Identification of genetic networks from a small number of gene expression patterns under the Boolean network model

Pac Symp Biocomput. 1999;17-28. doi: 10.1142/9789814447300_0003.


Liang, Fuhrman and Somogyi (PSB98, 18-29, 1998) have described an algorithm for inferring genetic network architectures from state transition tables which correspond to time series of gene expression patterns, using the Boolean network model. Their results of computational experiments suggested that a small number of state transition (INPUT/OUTPUT) pairs are sufficient in order to infer the original Boolean network correctly. This paper gives a mathematical proof for their observation. Precisely, this paper devises a much simpler algorithm for the same problem and proves that, if the indegree of each node (i.e., the number of input nodes to each node) is bounded by a constant, only O(log n) state transition pairs (from 2n pairs) are necessary and sufficient to identify the original Boolean network of n nodes correctly with high probability.
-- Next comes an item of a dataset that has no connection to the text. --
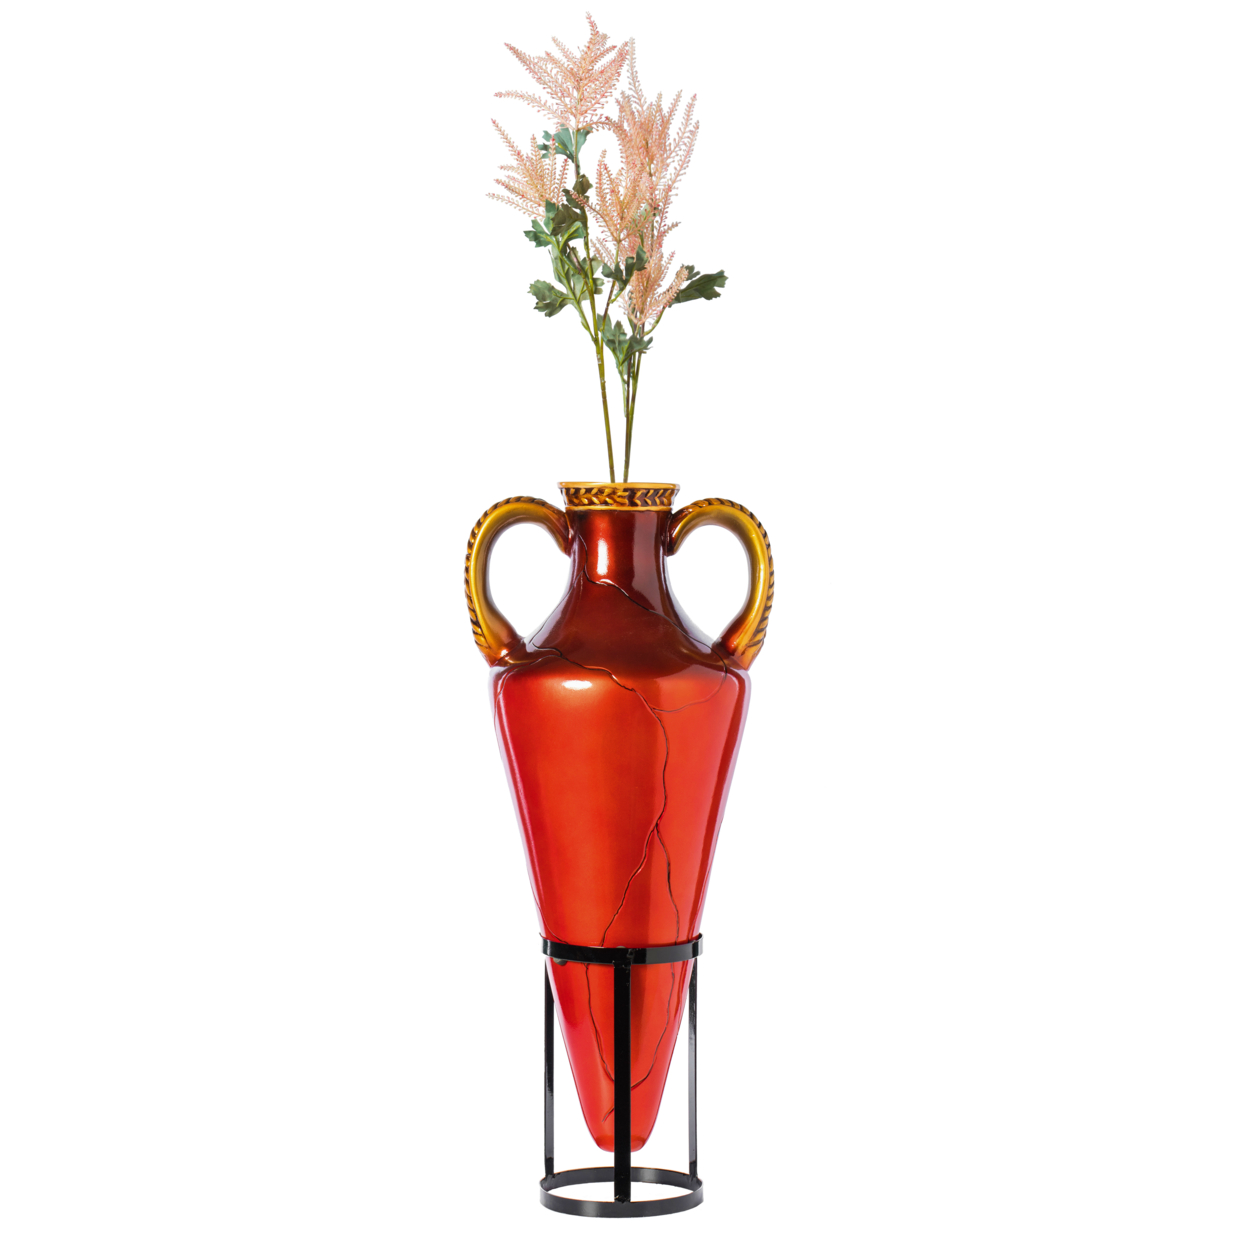 Tall Floor Vase, Roman Style Large Pointed Amphora, 35 Floor Vase, Interior Decoration, Metal Tripod Stand, Red And Gold Vase

We made computational experiments in order to expose the constant factor involved in O(log n) notation. The computational results show that the Boolean network of size 100,000 can be identified by our algorithm from about 100 INPUT/OUTPUT pairs if the maximum indegree is bounded by 2. It is also a merit of our algorithm that the algorithm is conceptually so simple that it is extensible for more realistic network models.